Иногда во сне воспоминания о стае всплывали в подсознании Майкла. Это были очень реальные сны, хотя, пробудившись, он почти не помнил их. Но во сне или наяву, когда Майкл пел со стюардом, он с тоской вспоминал утраченную стаю и пытался искать забытую дорогу к ней.

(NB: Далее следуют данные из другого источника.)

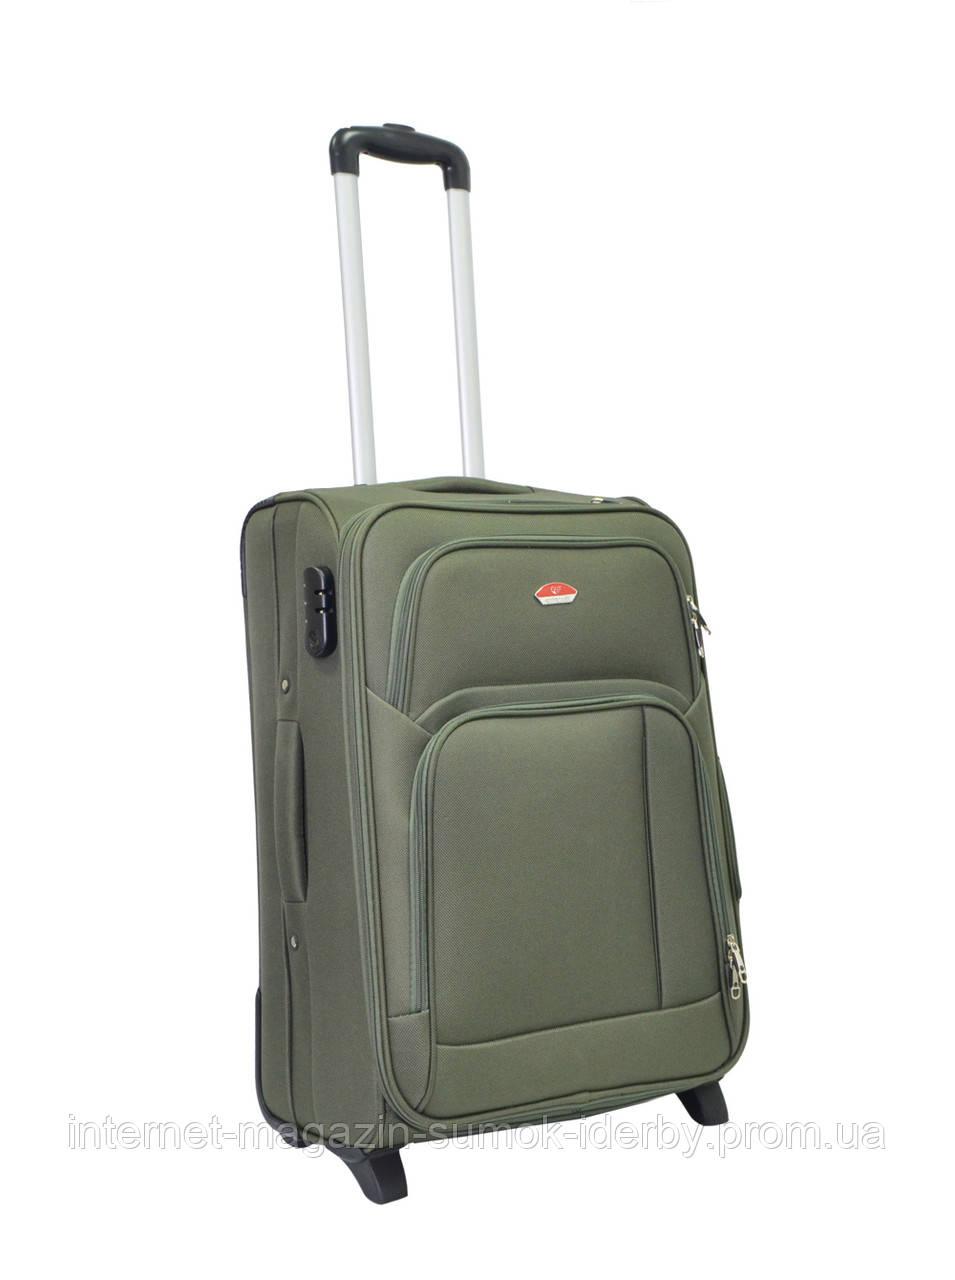 Чемодан Suitcase средний 11404-24 хаки

Зато, проснувшись, он находил другую стаю, вполне реальную. Ее составляли стюард, Квэк, Кокки и Скрэпс, — и Майкл бегал среди них и резвился, как его далекие предки бегали и охотились среди себе подобных. Логовищем этой стаи была каюта при камбузе, а вне ее стае принадлежал весь мир, иными словами — «Мэри Тернер», то плавно скользившая, то стремительно летевшая по поверхности изменчивого океана.
Надо сказать, что каюта и ее обитатели значили для Майкла больше, чем обыкновенная стая. Ибо эта каюта заодно была и раем — обителью бога. Люди давно стали придумывать бога из камня, из глины, из огня и поселять его в лесах, или в горах, или среди звезд. Случилось это оттого, что они поняли: человек умирает и оказывается вне своего племени или рода, — словом, вне своей привычной кучки, как бы там она ни называлась, эта человеческая стая. А человек не хотел оставаться вне стаи. И он создал в своем воображении новую, вечную стаю, с которой ему не нужно было разлучаться. Страшась мрака, скрывающего тех, что умерли, он создал за этим мраком прекрасную страну, небывало богатое охотничье поприще, небывало обширный и величественный пиршественный покой и на разных языках нарек его «раем».
Майкл никогда не помышлял, как это делали некоторые первобытные и дикие народы, об обожествлении собственной тени. Он не почитал теней. Он почитал подлинного, неоспоримого бога, отнюдь не созданного по его собственному четвероногому, мохнатому подобию, но бога во плоти и крови, двуногого, не мохнатого — стюарда.